In North Carolina, the state department of environmental quality sent letters in 2015 to residents living near coal-fired power plants telling them their private well water had high levels of contaminants such as chromium-6 and was unsafe to use for drinking or cooking. More than 900 of these households have been relying on bottled water for more than two years.
Debbie Baker, a Belmont resident, also received a personal call from state toxicologist Kenneth Rudo. He advised her not to use her well water, and told her he “wouldn’t even give my dogs or animals this water.”
“Vanadium, hexavalent chromium ... and that's when I was like, I knew that this coal ash was not good,” Baker said.
Residents were later told their water was safe to drink based on the state standard for total chromium, but many still are unconvinced.
Neither the state nor the EPA sets specific standards for chromium-6, but it is known to cause cancer, according to the National Institutes of Health. From 2013 to 2015, the EPA reported more than 234 million people had higher levels of the chemical in their water than the agency recommends.
Baker and her husband, Jack, moved into their home near a Duke Energy steam station 21 years ago. She believes the water contamination is coming from coal ash buried near the power plant, though Debra Watts, from the North Carolina Division of Water Resources, said they are still working to determine the source of the chemicals.
Duke Energy has been providing bottled water to residents living near its power plants for over two years, but company spokeswoman Paige Sheehan said the contaminants are not coming from coal ash.
“It is tough when you’ve got developing science,” said Cathy Cralle Jones, an attorney representing some residents. “As an environmental lawyer I can tell you, I run into this a lot of times, when you see what looks to be a cause and effect and you feel in your heart of hearts that there is one, that this exposure is causing this result, but the science hasn’t caught up.”

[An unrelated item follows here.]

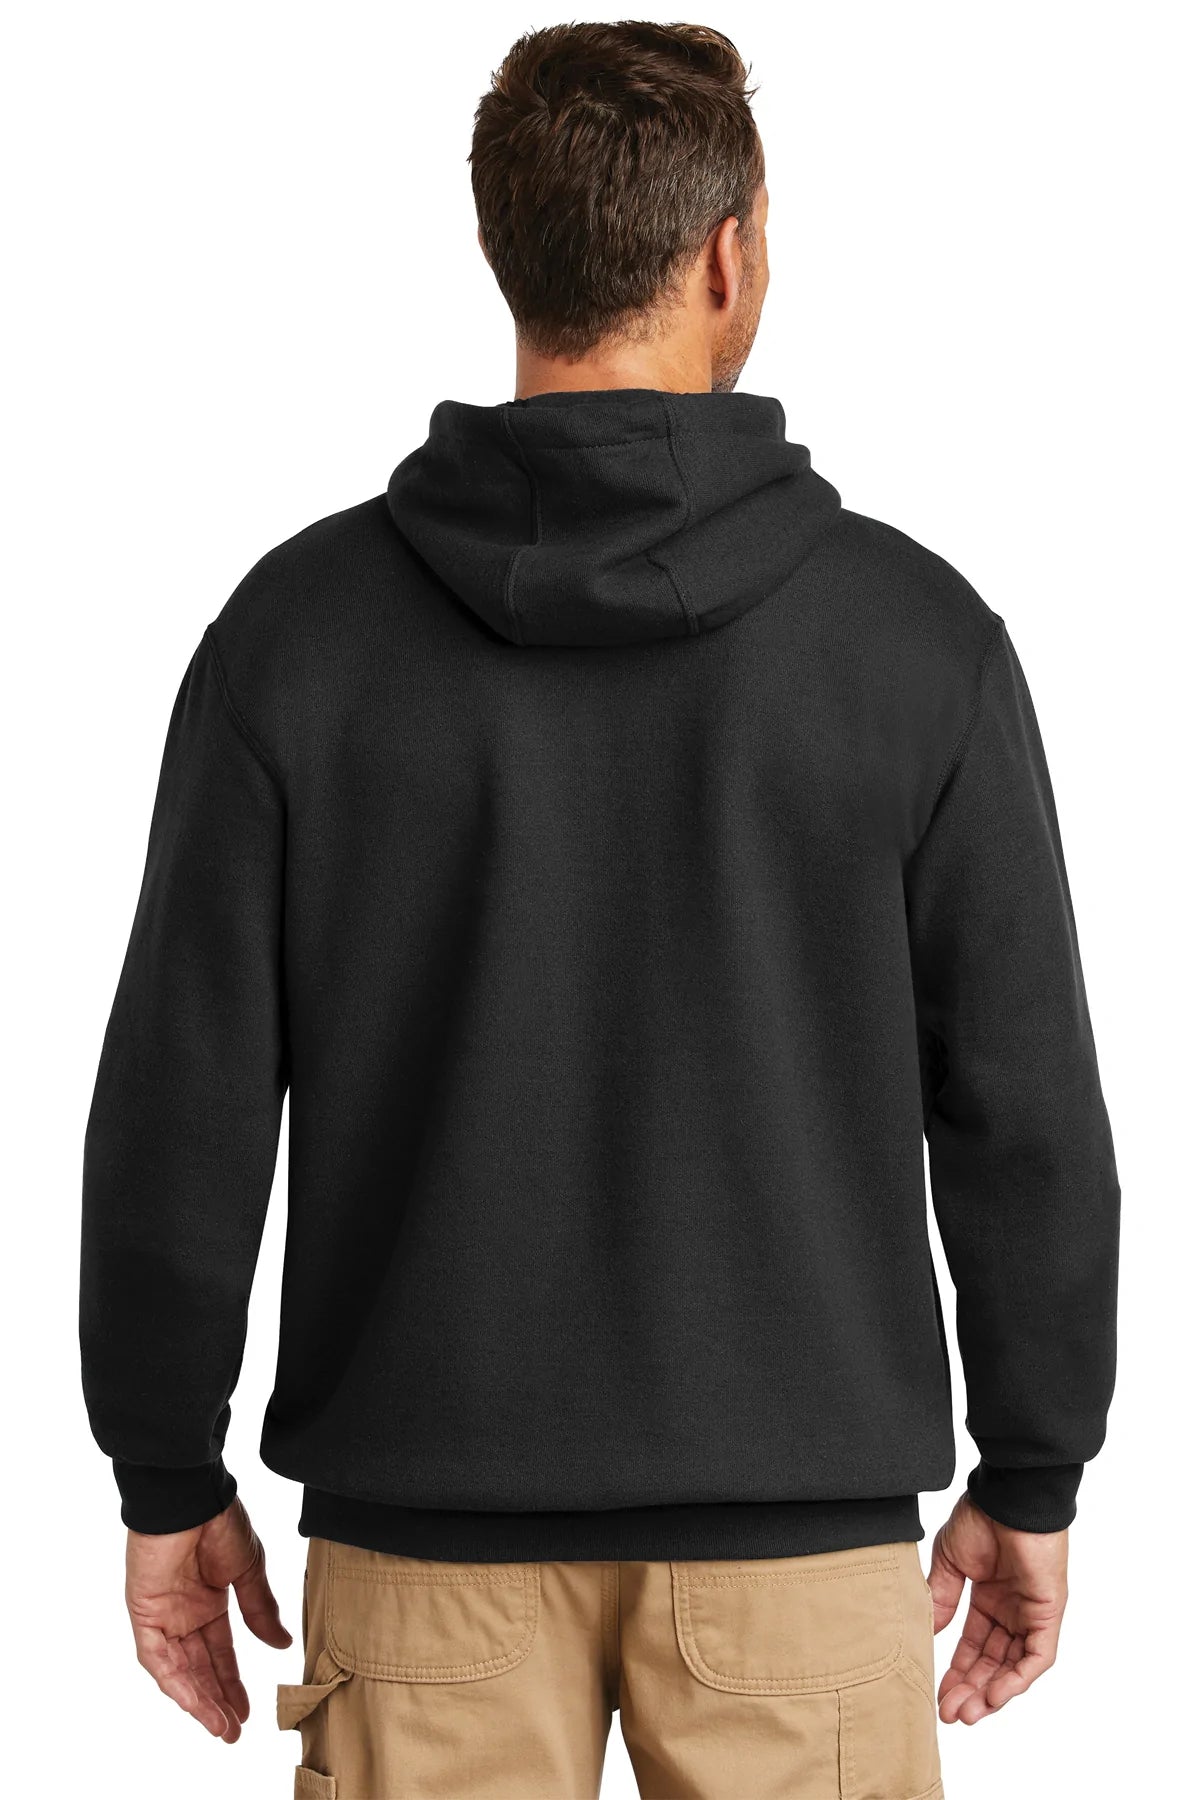 Carhartt Tall Hooded Custom Sweatshirts, Black

After a string of hospitalizations for respiratory-related illnesses, Baker’s husband, Jack, was diagnosed with a lung disease that doctors said could have been caused by his environment. He died in June 2008. Now, Baker wakes up alone, walks to the kitchen, and grabs a bottle of Dasani from one of the many cases stacked around her home to make her coffee.

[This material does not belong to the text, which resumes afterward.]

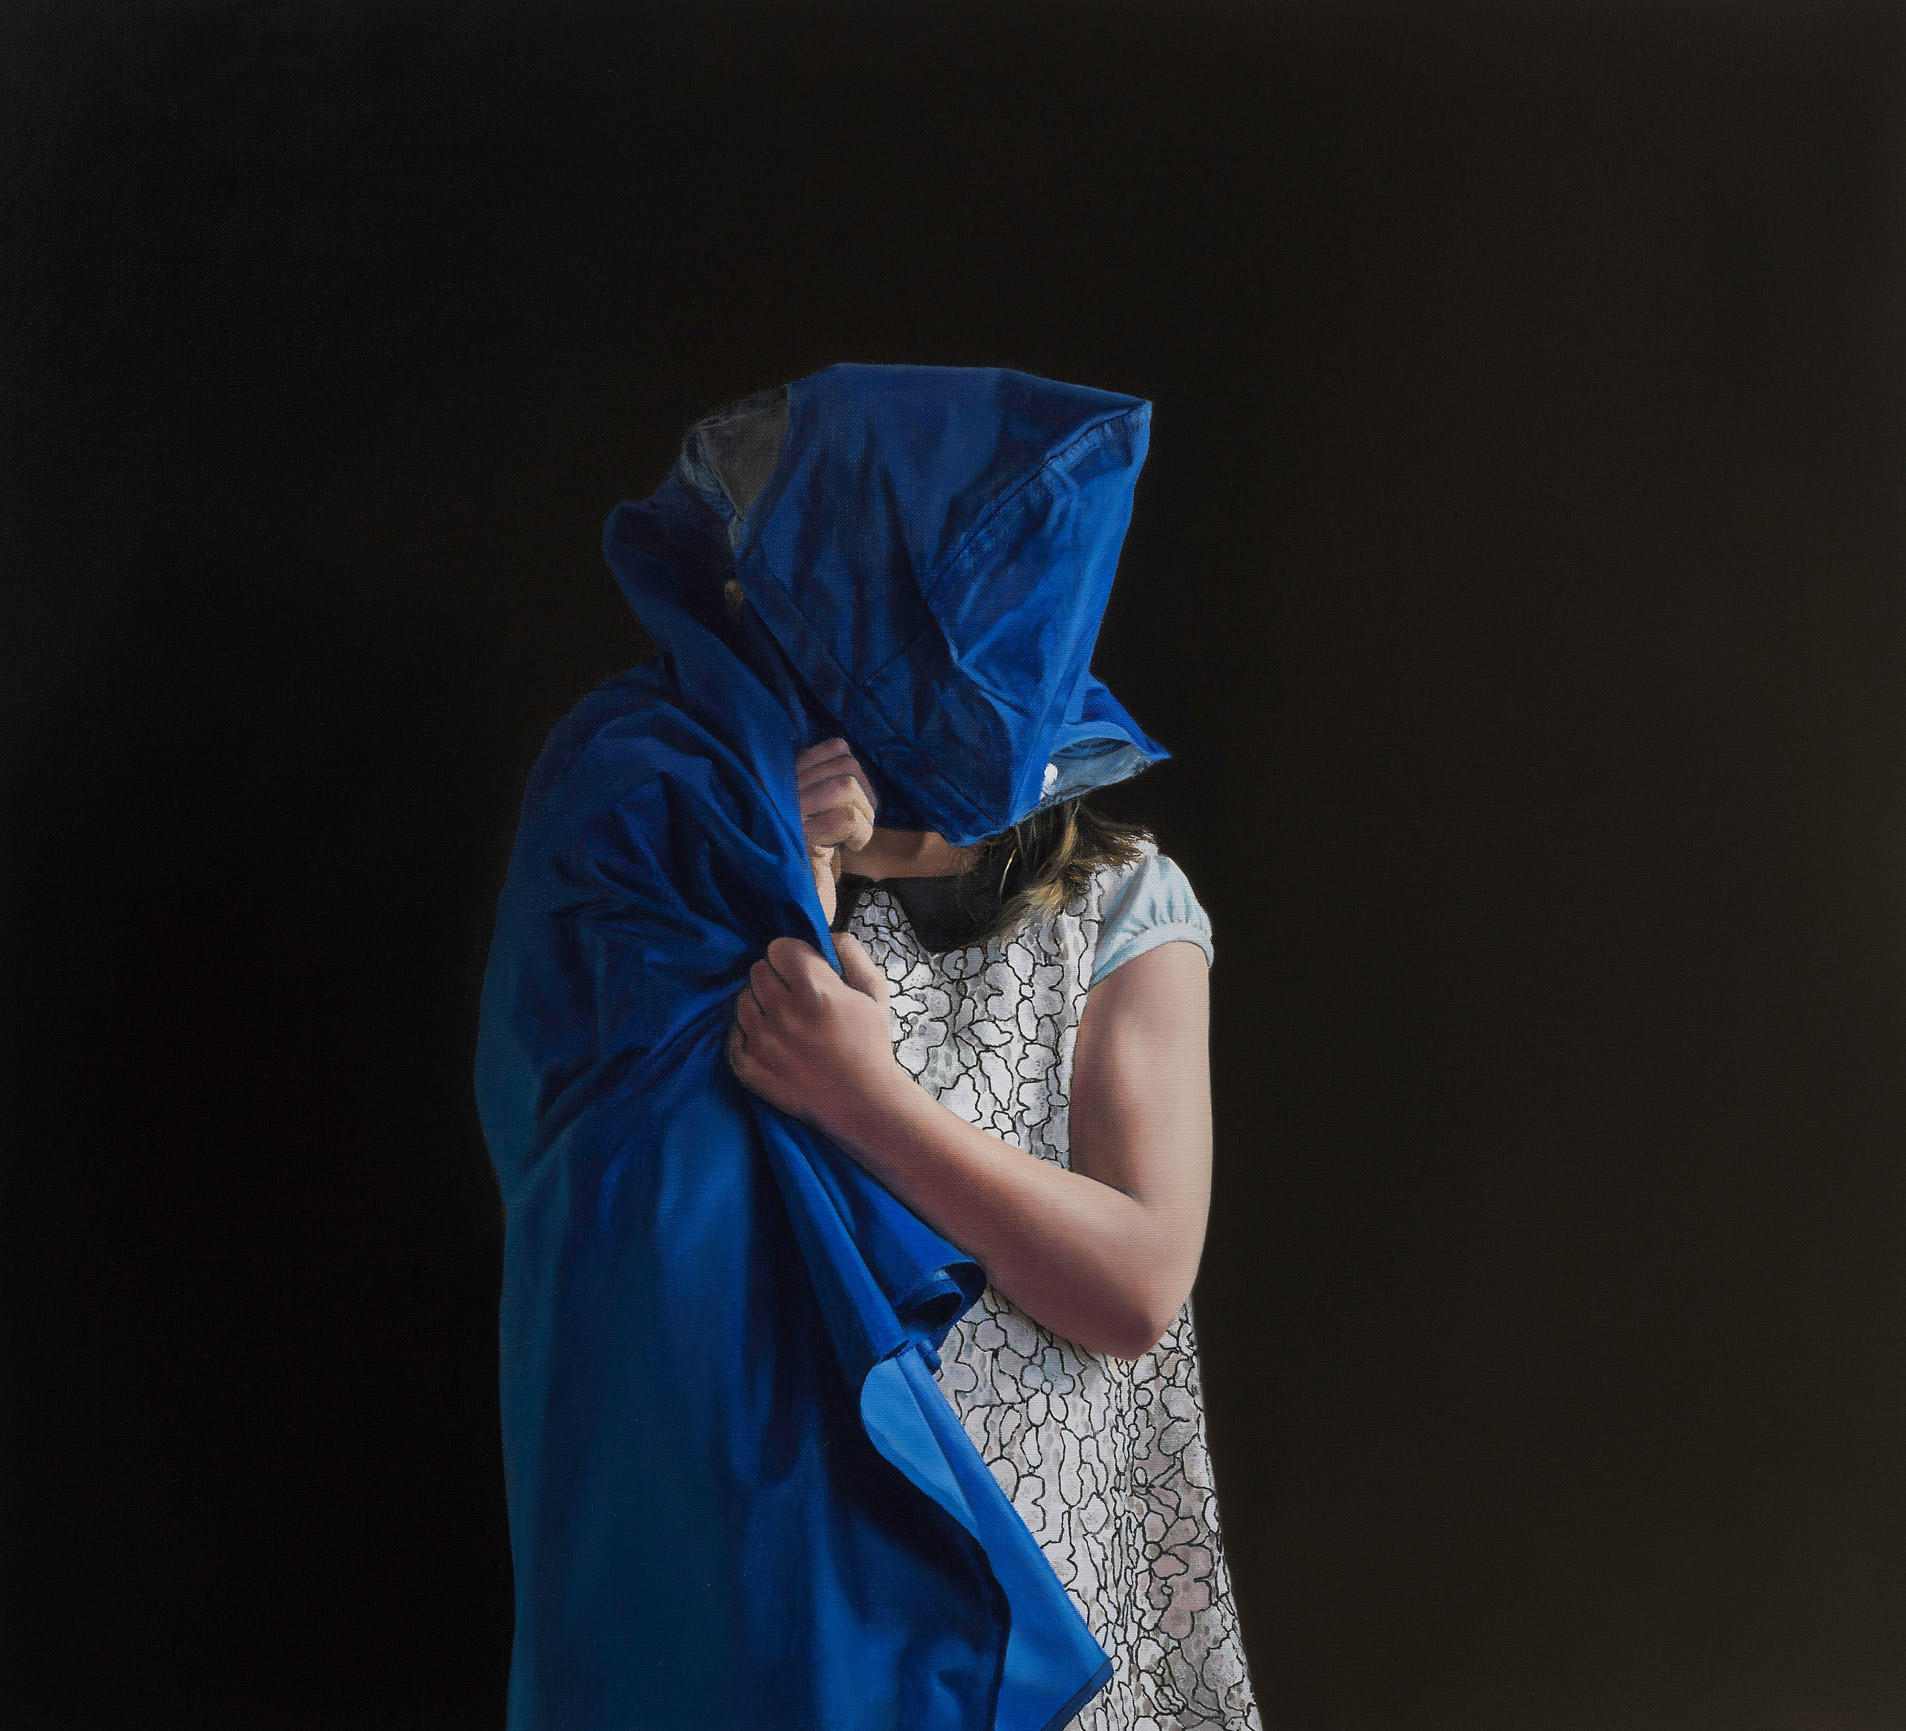 Die Blaue | 2017 | Öl auf Leinwand 75 x 83 cm

“I always thought maybe it had something to do with the coal ash ponds,” said Baker. “I started doing my research. ... I'll be honest with you, I think the coal ash killed my husband.”

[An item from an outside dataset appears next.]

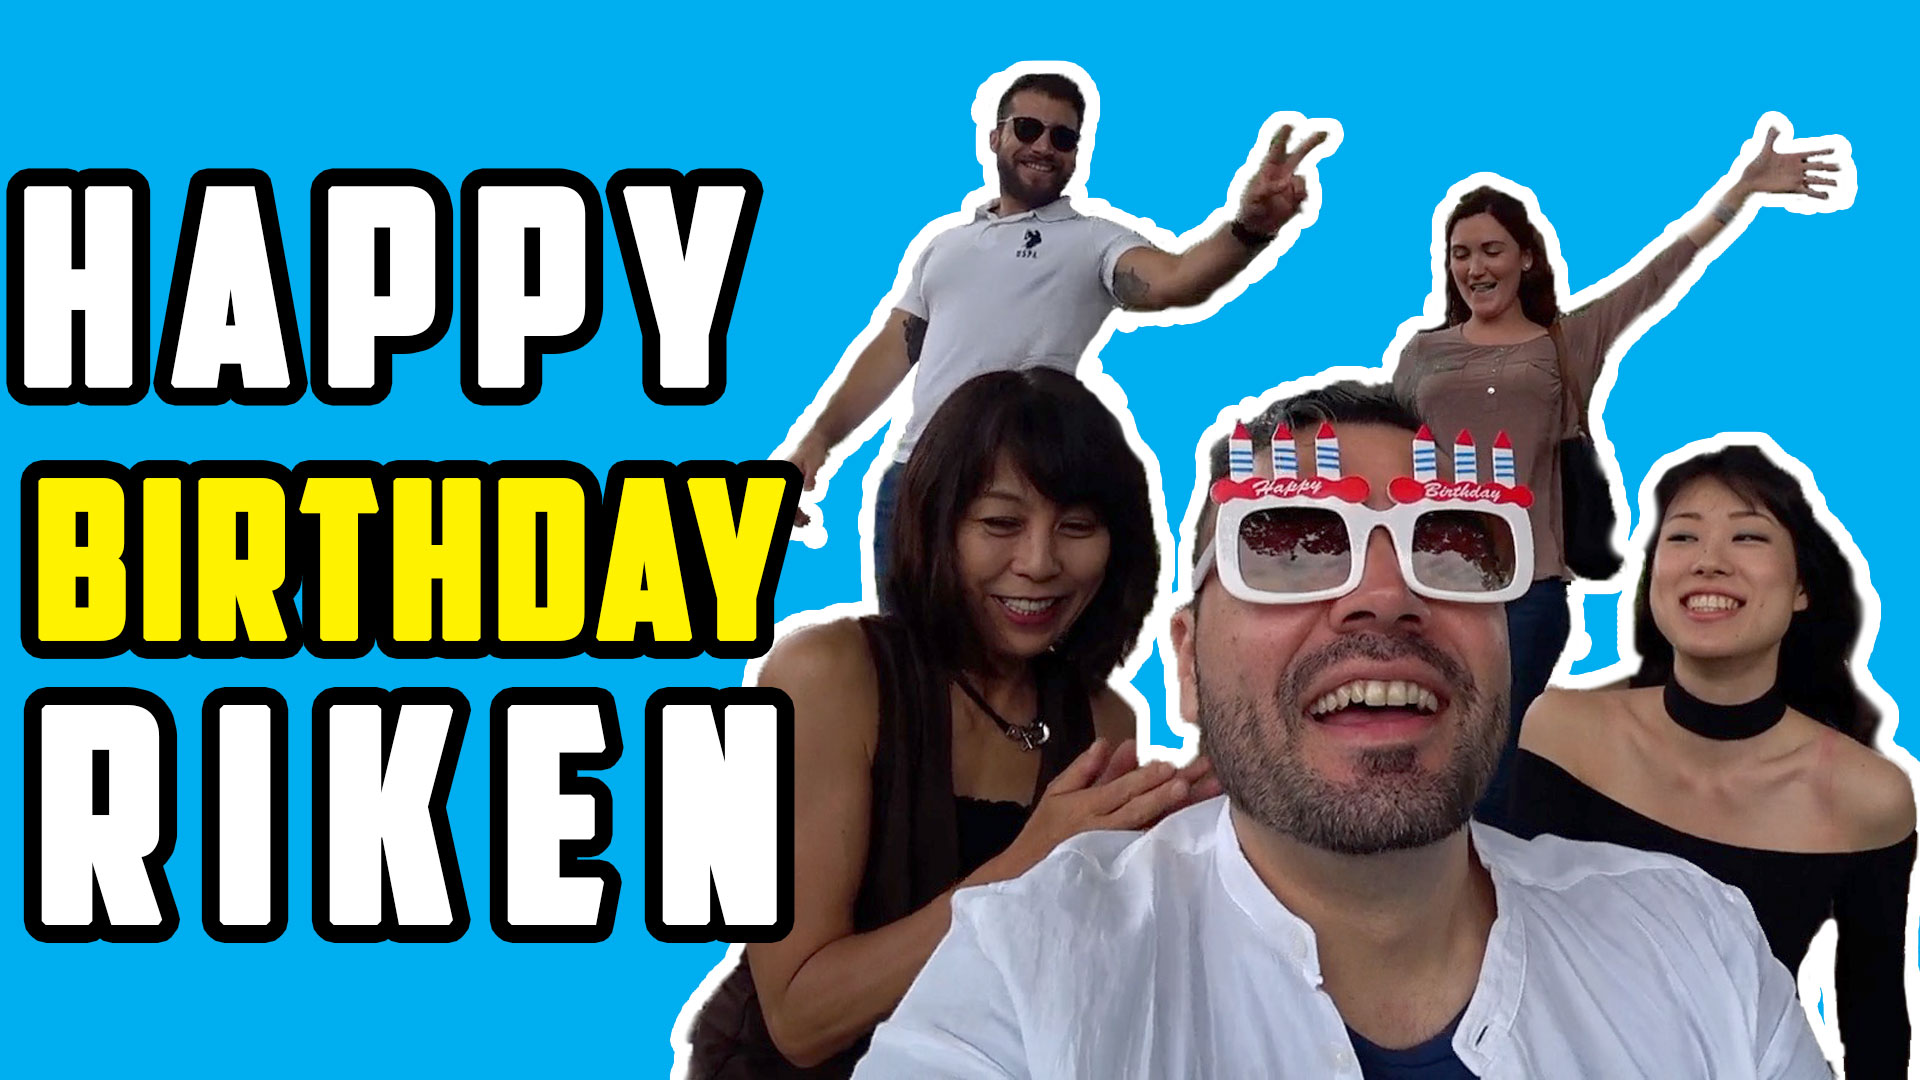 Happy birthday Mr. Riken

Her husband’s death prompted Baker to become an activist. She said she wants Duke to dispose of its waste properly, but she still understands the value the utility company provides.
“I don't hate them. They give me my electricity, I thank them for that,” she said. “They keep my room cool, keep us warm in the wintertime – I just want them to do what is right.”
Researcher Robin Saha said the benefits industries provide like jobs and economic growth are important, but communities may not be aware of the tradeoffs they are making.
“(Companies) may be donating to the school, or they may be buying a new gym, and it’s kind of like they are paying people off to kill them, in a sense,” said Saha. “So you are accepting these things at what cost?”
EPA regulations were set up to keep people safe from industrial pollution reaching their drinking water, but Saha claims there is “a failure of federal and state policy.”
“Many of these types of facilities should not be located where there’s a lot of people: near schools, near hospitals, near nursing homes, where there’s elderly and more often than not, they are,” Saha said.
Industries will develop where there is a “path of least resistance,” Saha said, but it’s up to community members to work together to dictate what kind of companies set up shop in their neighborhood.
“We'll extinguish our own ... the entire human race if we're not careful,” said Tracey Edwards, an advocate from Walnut Cove who wants coal ash removed. “Somebody has to do something and it can't always be about somebody earning a dollar. We have to preserve humanity.”
News21 reporters Claire Caulfield and Bryan Anderson contributed to this report.